Implement adaptive integration as in Section 17.3 using the midpoint rule for \(I_1\) and Gauss rule with \(n=2\) for \(I_2\text{.}\) Test it on the integral \(\int_0^9 x^{-1/2}\,dx = 6\text{.}\)
Answer.
When implementing Gauss rules on a general interval \([a, b]\text{,}\) it helps to introduce the midpoint \(c = (a+b)/2\) and half-length \(k = (b-a)/2\text{.}\) This is because the rule was originally designed for \([-1, 1]\) and the linear function from \([-1, 1]\) to \([a, b]\) is \(kx+c\text{.}\) The coefficient \(k\) will appear in the formulas due to the change of variable formula.
f = @ (x) x.^(-1/2);
fprintf('The integral is %.6f\n', adaptive(f, 0, 9));
function I = adaptive(f, a, b)
c = (a+b)/2;
k = (b-a)/2;
I1 = k*2*f(c); % midpoint, same as Gauss n=1
I2 = k*(f(c - k/sqrt(3)) + f(c + k/sqrt(3))); % Gauss n=2
if abs(I1 - I2) < 1e-6 * (b-a) + 1e-9
I = I2;
else
I = adaptive(f, a, c) + adaptive(f, c, b);
end
end
Note that the function is not defined at 0 which is an endpoints of the interval of integration.

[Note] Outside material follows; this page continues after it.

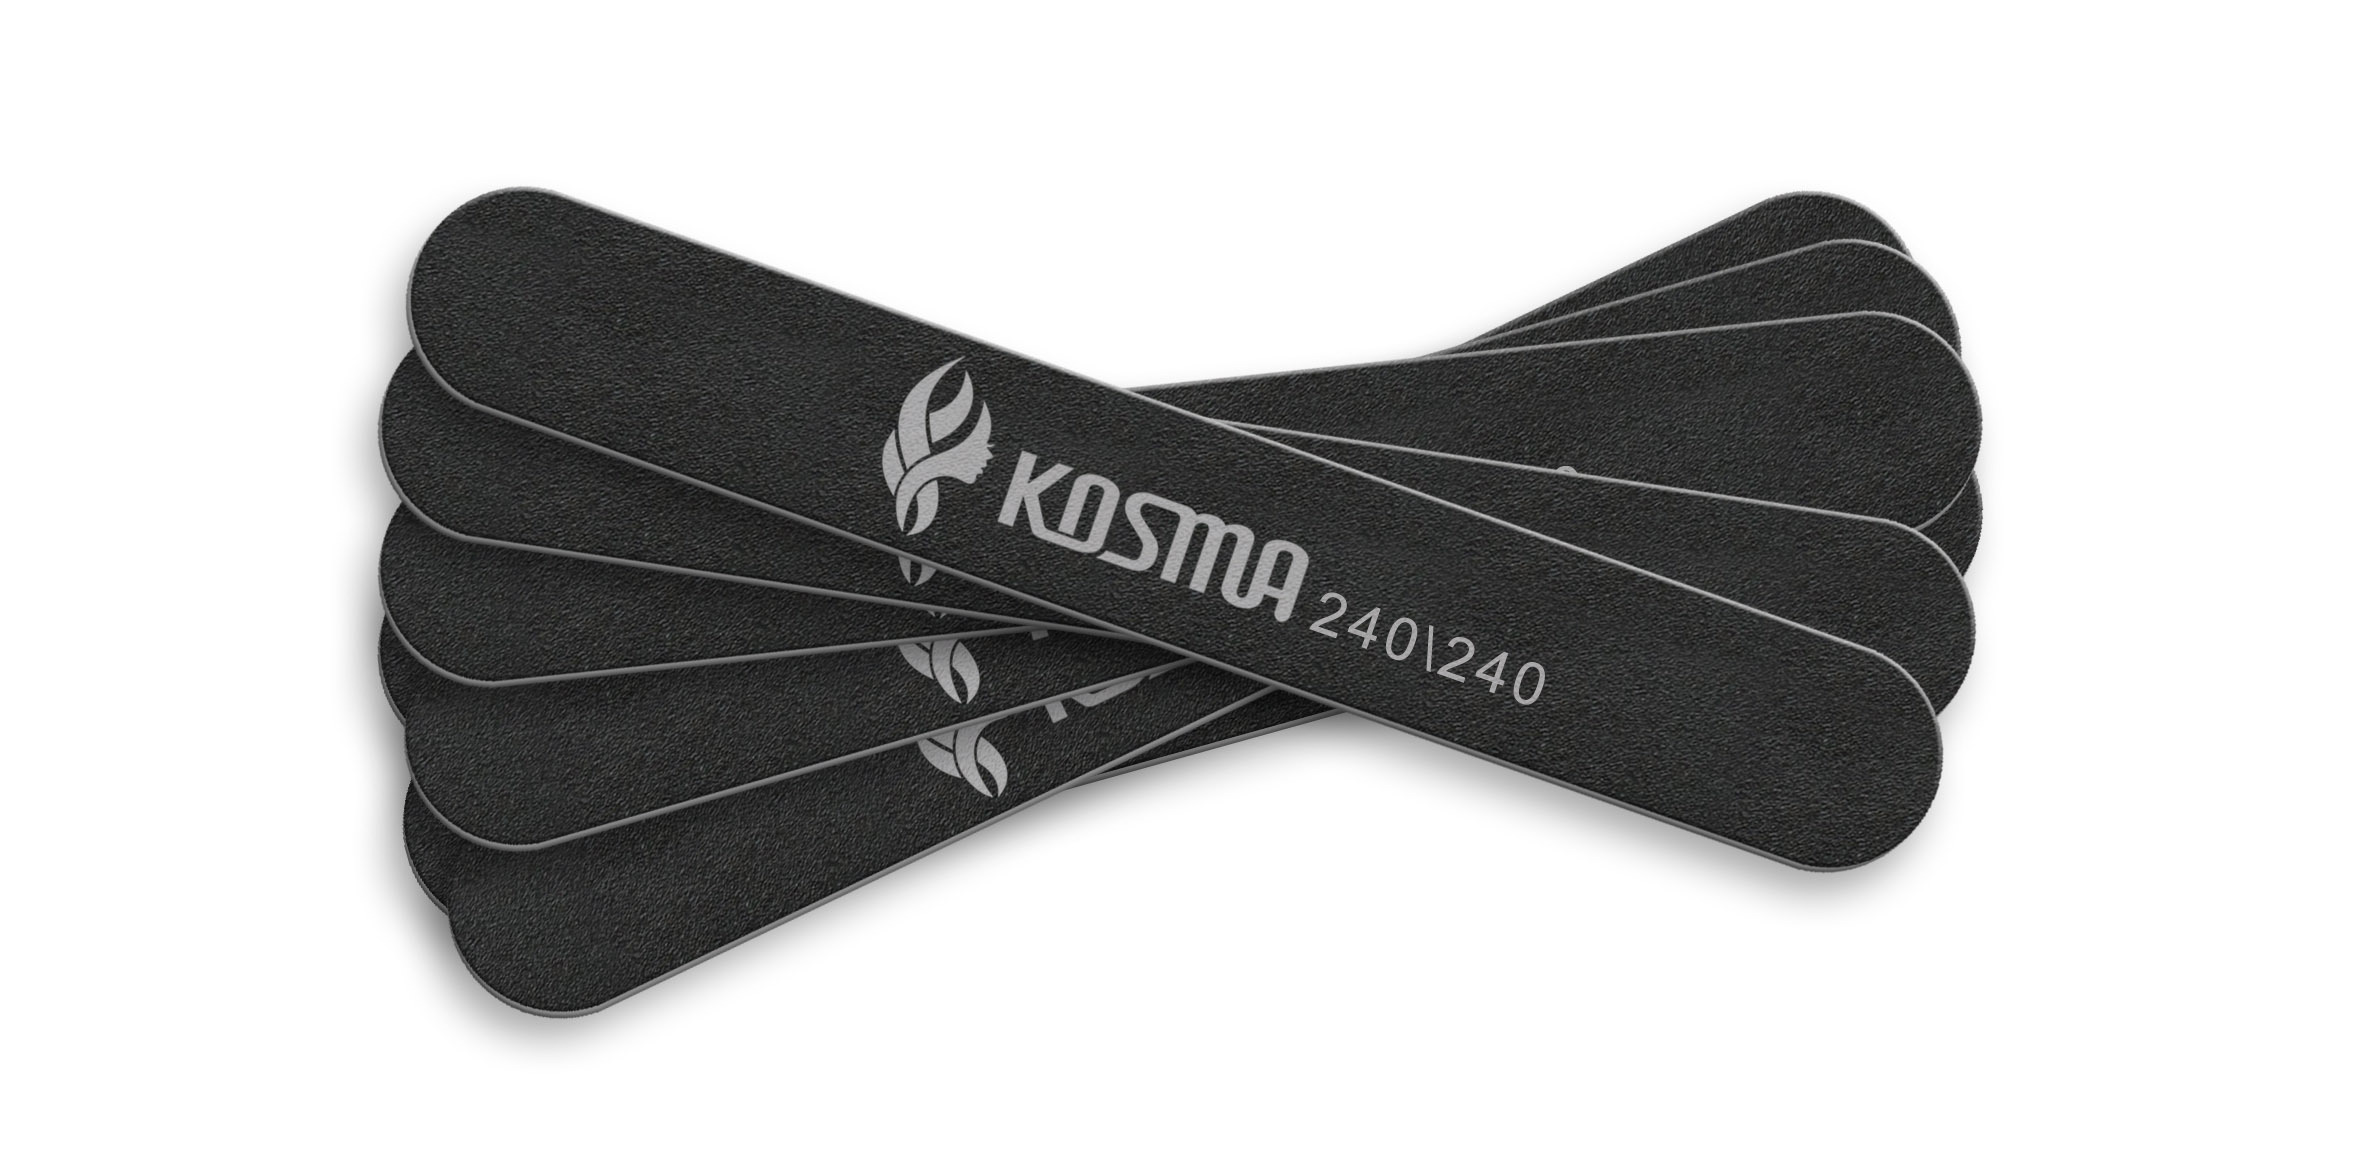 Набор пилка KOSMA прямая маленькая черная 240/240 пластиковая основа 50 шт.

This would be a problem if we used, for example, trapezoidal or Simpson’s rules. Not a problem for midpoint or Gauss rules. By the way, the midpoint rule can be viewed as the Gauss rule with 1 point, because the degree 1 Legendre polynomial is \(P_1(x)=x\text{,}\) with the zero at the middle of interval \([-1,1]\)